In terms of decoration, a couple of things are happening here. Someone used a very fine twisted string roulette – one of the finest I’ve ever come across – to make the pattern of sinuous lines which you can see at top and bottom. Then they smoothed a band about 2 cm wide across that roulettes surface and ran some kind of ‘comb’ across it – something with quite wide teeth and few gaps in between, so maybe a collection of flat-sectioned grasses, say. They also made a deeper groove at the top of this band (I say top, but of course orientation is guesswork – it could just as well be the bottom) – probably with a stick.
The inside surface is fairly well smoothed but has been left rather unfinished. The thickness of the sherd varies. All in all not a manically precise job there. However, the firing was very evenly done – the dark core at the centre, which is the part which has not completely oxidised – is even in thickness and spread (as far as I can tell – difficult without a fresh break). Also, the clay was quite finely sorted, featuring small mineral inclusions of pretty consistent size. So either the local clay was already nice and clean or, mroe likely, the potter spent some time soaking it and picking out large inclusions, roots etc.

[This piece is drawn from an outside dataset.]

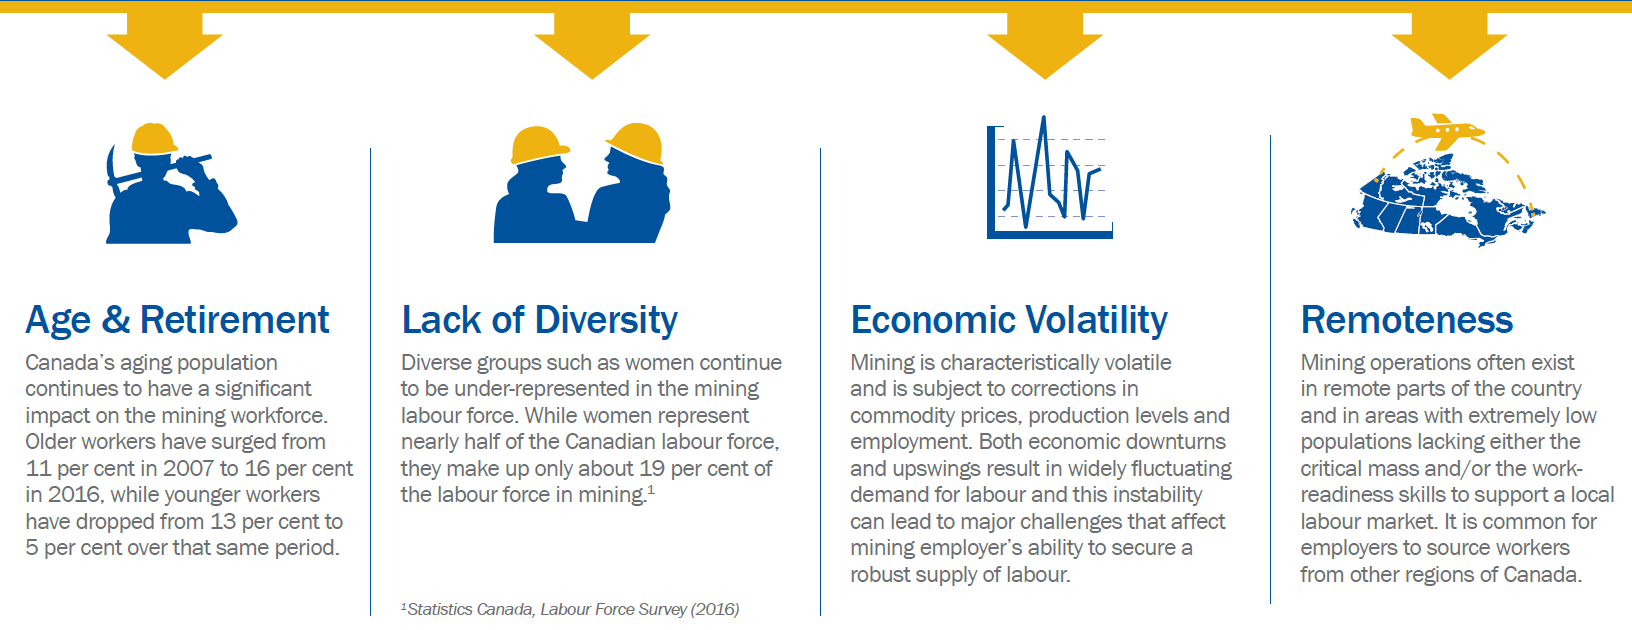 Factors that exacerbate mining’s tight labour market:

This sherd was excavated at around 100cm depth in Test pit 1 at site BLaf. Once the rest of the assemblage has been studied, and once the radiocarbon dates are back, we will have a first clue regarding the a possible age of this level and thus indirectly of this sherd. This is always a process of estimates, though, with margins of error at each stage. More on this anon.

meticulous!
The process is still going on in many places in Nigeria! Abubakar Sule will bear me out. I am interested about the cultural continuity running through the who savanna region.